Something Borrowed – Intertextual characterization

In his article “Interfigurality” (1991) Wolfgang G. Müller presents a widely applicable theory of transtextual characters showing how literary characters gain depth and resonance by sharing elements with characters in other works. Accordingly, ‘interfigurality’ refers to the intertextual fragments of characters or to intertextual markers manifesting through characters. Müller’s theory could also be used to analyze the complex characterization in visual narratives such as Penny Dreadful and the series’ pastiche-like combination of original characters from very diverse pre-texts to new creations (mashup characters). Additionally, the series is based on character combinations, where familiar figures from different pre-texts are brought together and made to interact with each other. According to Müller, the clearest type of interfigural reference is contributed by the names of characters related. Names are also the most obvious device of relating characters of several heterogeneous sources in Penny Dreadful. As mentioned earlier, Dr. Alexander Sweet, for example, is a contamination of three different mythical figures: Dracula, the Devil and the Egyptian god Amun-Ra. Now Dr. Sweet cannot be simply interpreted as an amalgamation of these three mythic figures, as Dracula is the primary model for Dr. Sweet, whereas the other two figures seem subordinate to Dracula/Dr. Sweet. Braided together with these two figures Dracula/Dr. Sweet is not only provided with backstory. Simultaneously, he is woven into a bigger mythology surrounding the Devil and Amun-Ra contributing to build up Penny Dreadful’s own fictional world and complex mythology. Such mashups of re-used characters can be considered as an extreme type of interfigurality, in Müller’s conception, which emerges “whenever a literary figure is extricated from its original fictional context and inserted into a new fictional context” (107). In other words, mashups can be considered as a deviation technique meant to undermine original figures – meaning that characters re-emerging in later works are more than just duplicates as they are “marked by a characteristic tension between similarity and dissimilarity with their models from the pre-texts” (Müller 109).

Mashup characters share several attributes, prominent traits, and large and complex story elements (such as fragments of storyworlds and environments) with diverse characters in other works.

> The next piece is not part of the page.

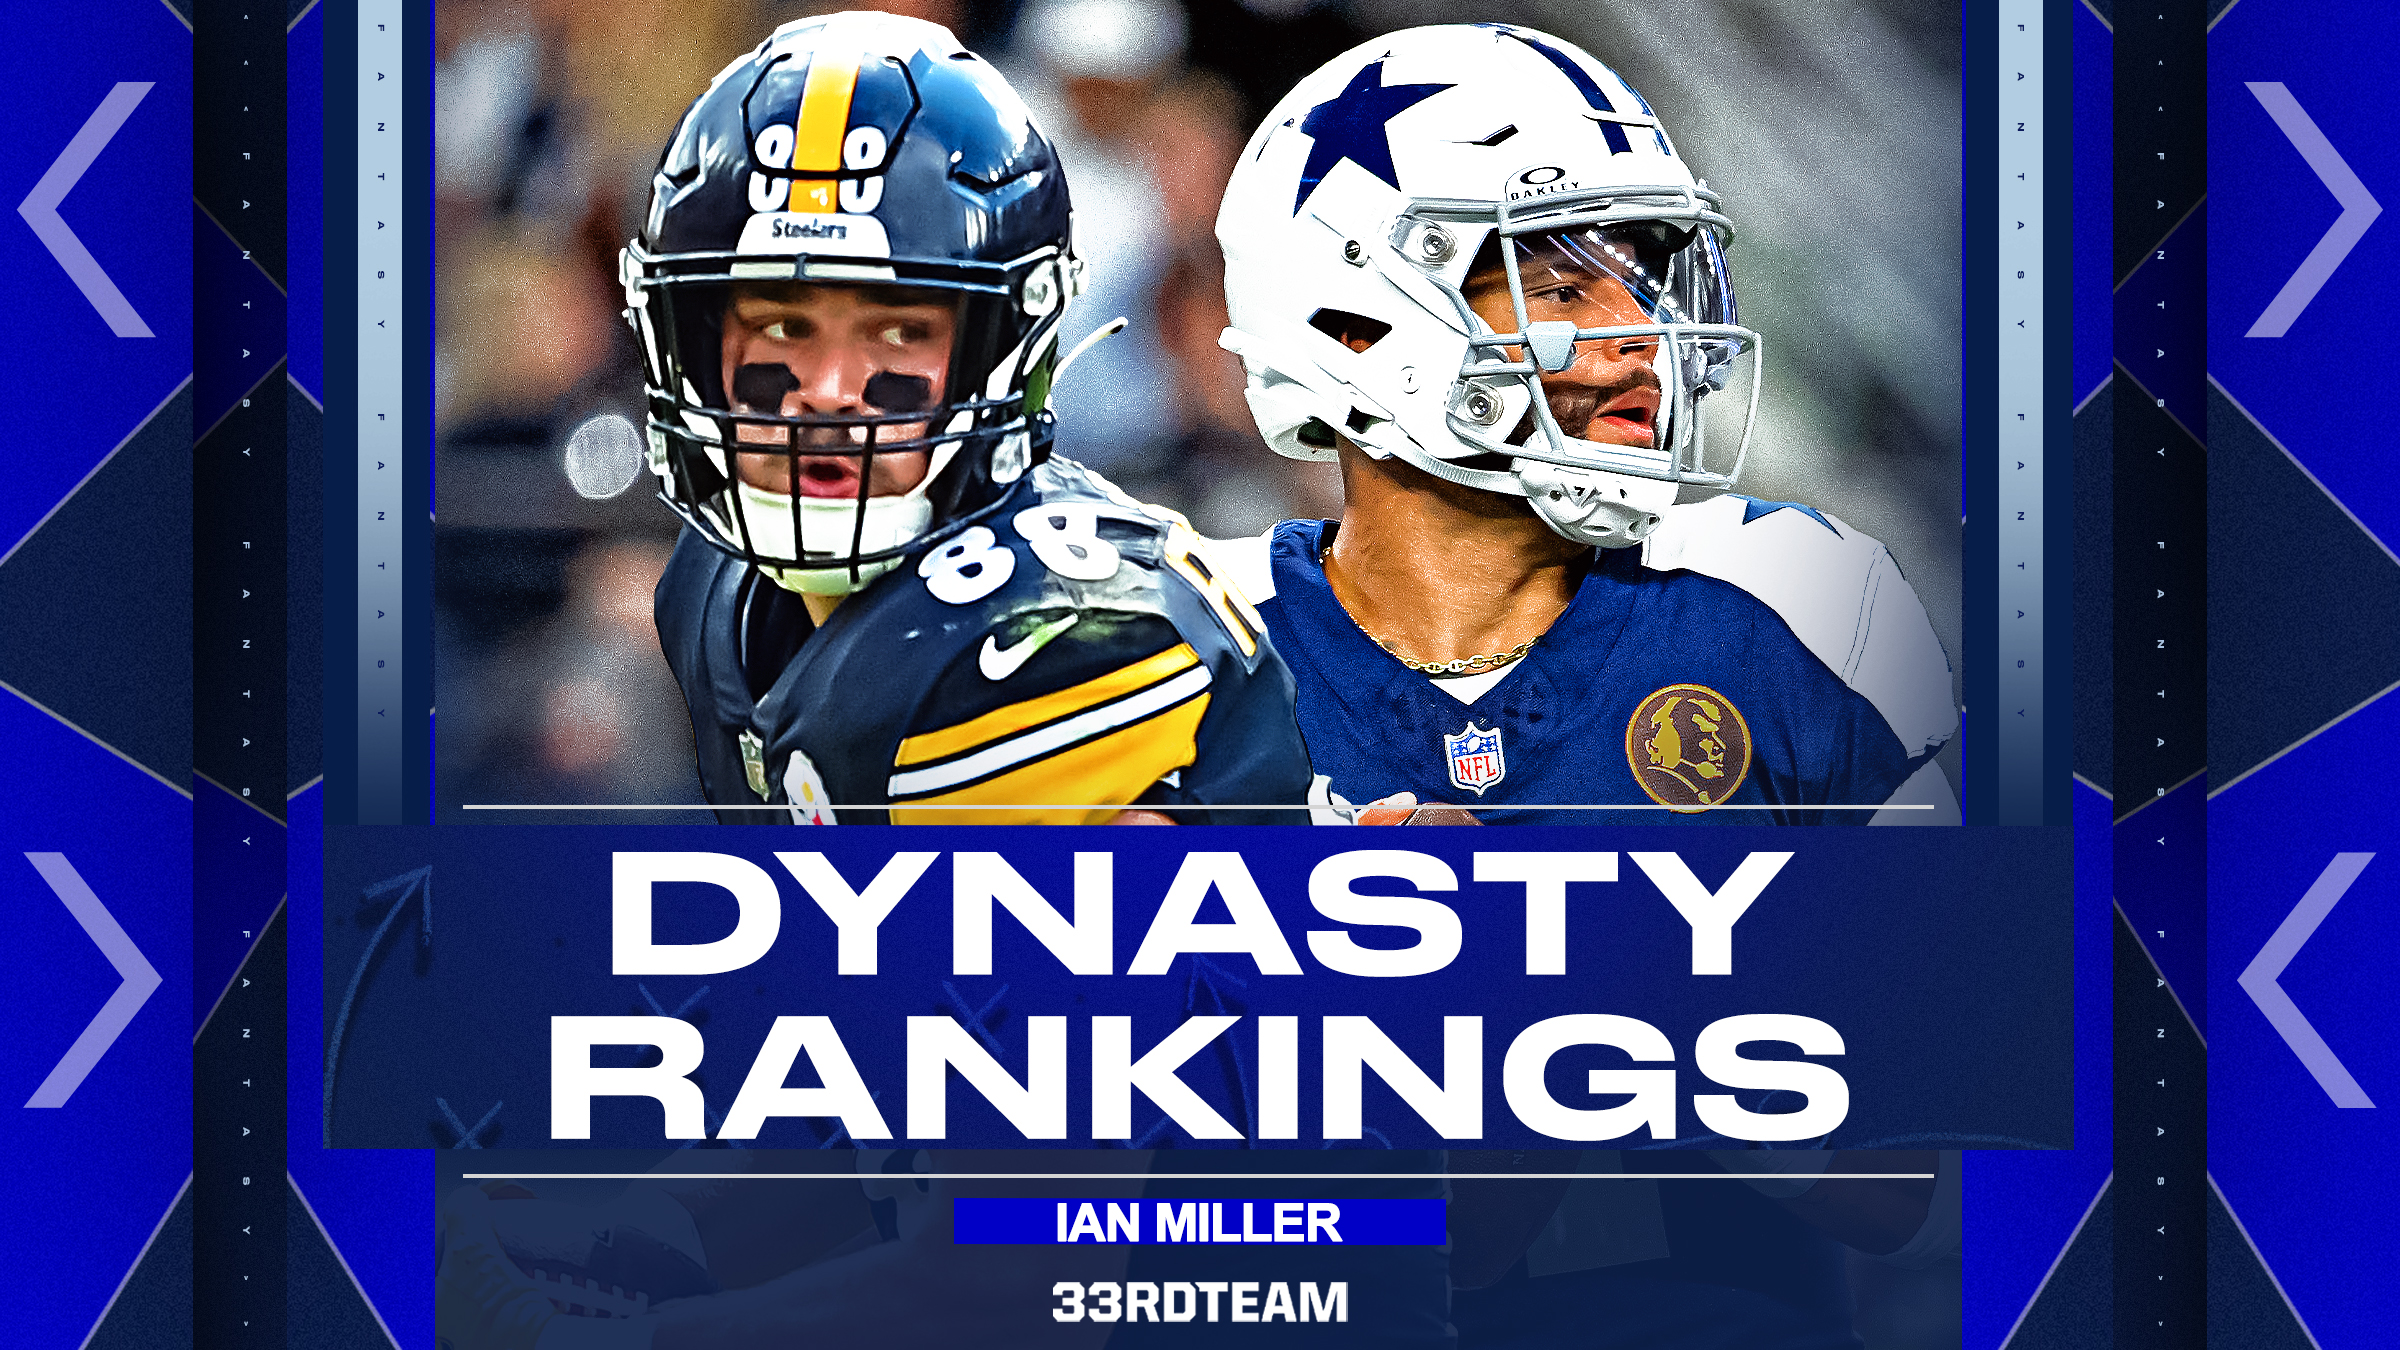 Images of Pat Freiermuth and Dak Prescott with text that reads "Dynasty Rankings/Ian Miller/the 33rd Team"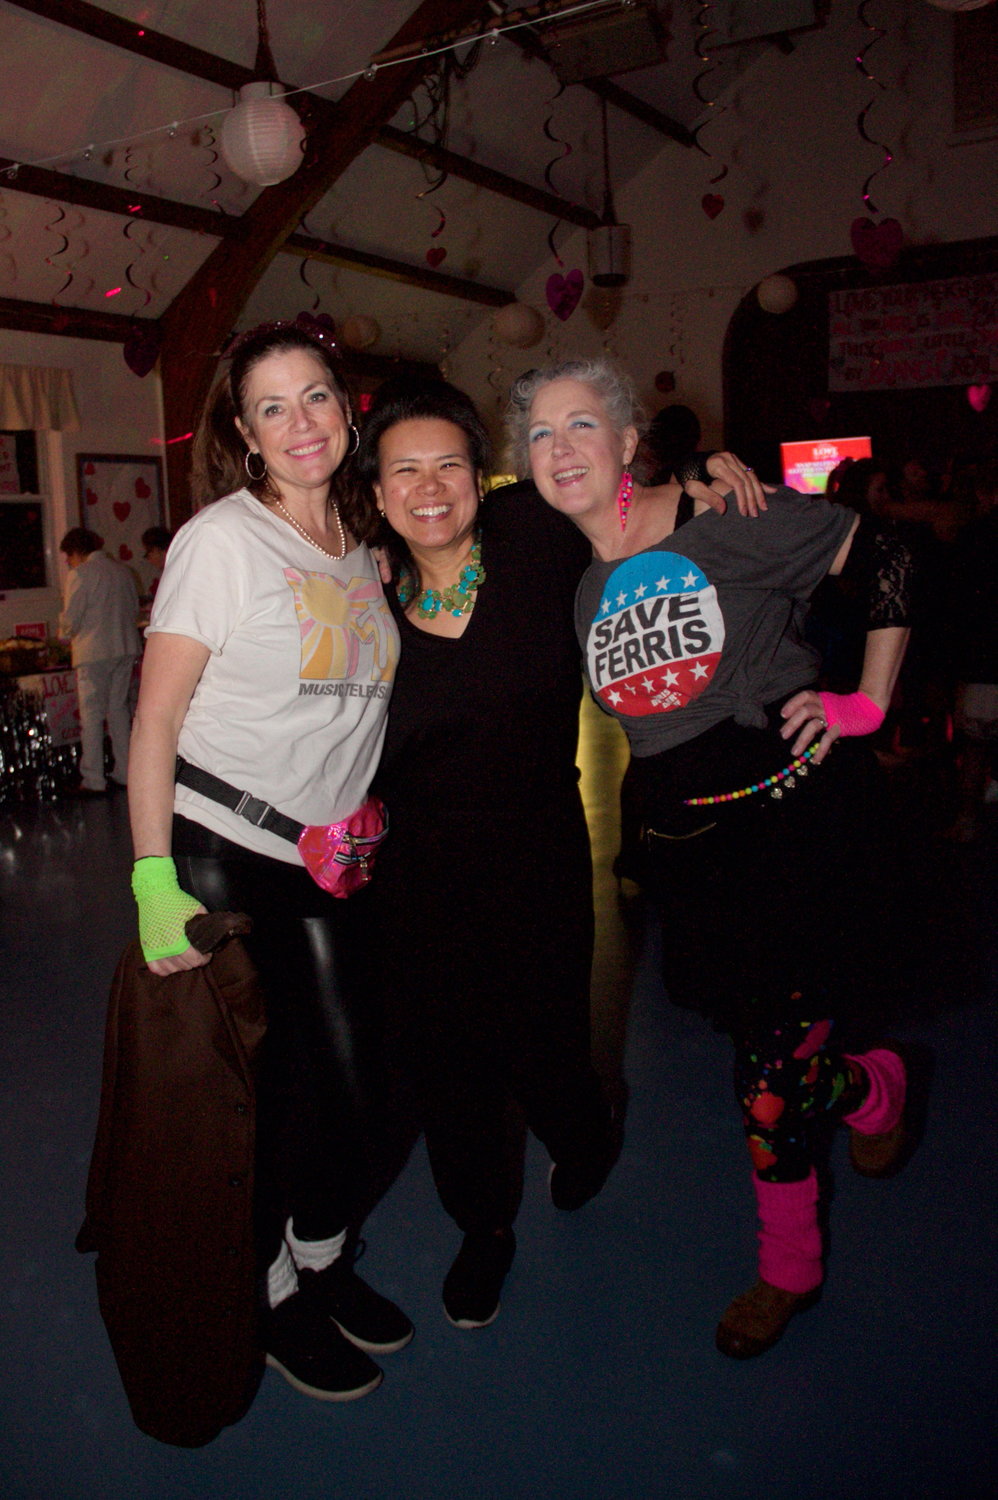 Some attendees went for a look that was more ‘80’s punk than 80’s prom, like Faith Keenan, left, Nan Bischoff and Karen Buschfrers.

Through John Logan’s intertextual characterization, i.e. the intertextual links manifesting through blending characters, he plays with audience’s prior cultural knowledge, adding complexity and psychological depth to each of the series’ mashup characters by absorbing them “into the formal and ideological structure of his own product, putting [them] into his own uses” (Müller 107). Accordingly, a mashup character’s degree of complexity depends on it being recognized by viewers as something familiar and antecedent. In other words it should be considered as a re-used slightly distorted character where names provide clues for further interfigural links, encouraging viewers’ memory to make connections between different characters and different stories. Thus, intertextual characterization is rooted in cognitive processes of the viewer and, therefore, the mashup character is not just a bundle of traits based on different textual data. They are also mental constructions based on viewers’ knowledge and previous experiences of other texts and characters from which mashups draw much of their appeal and content.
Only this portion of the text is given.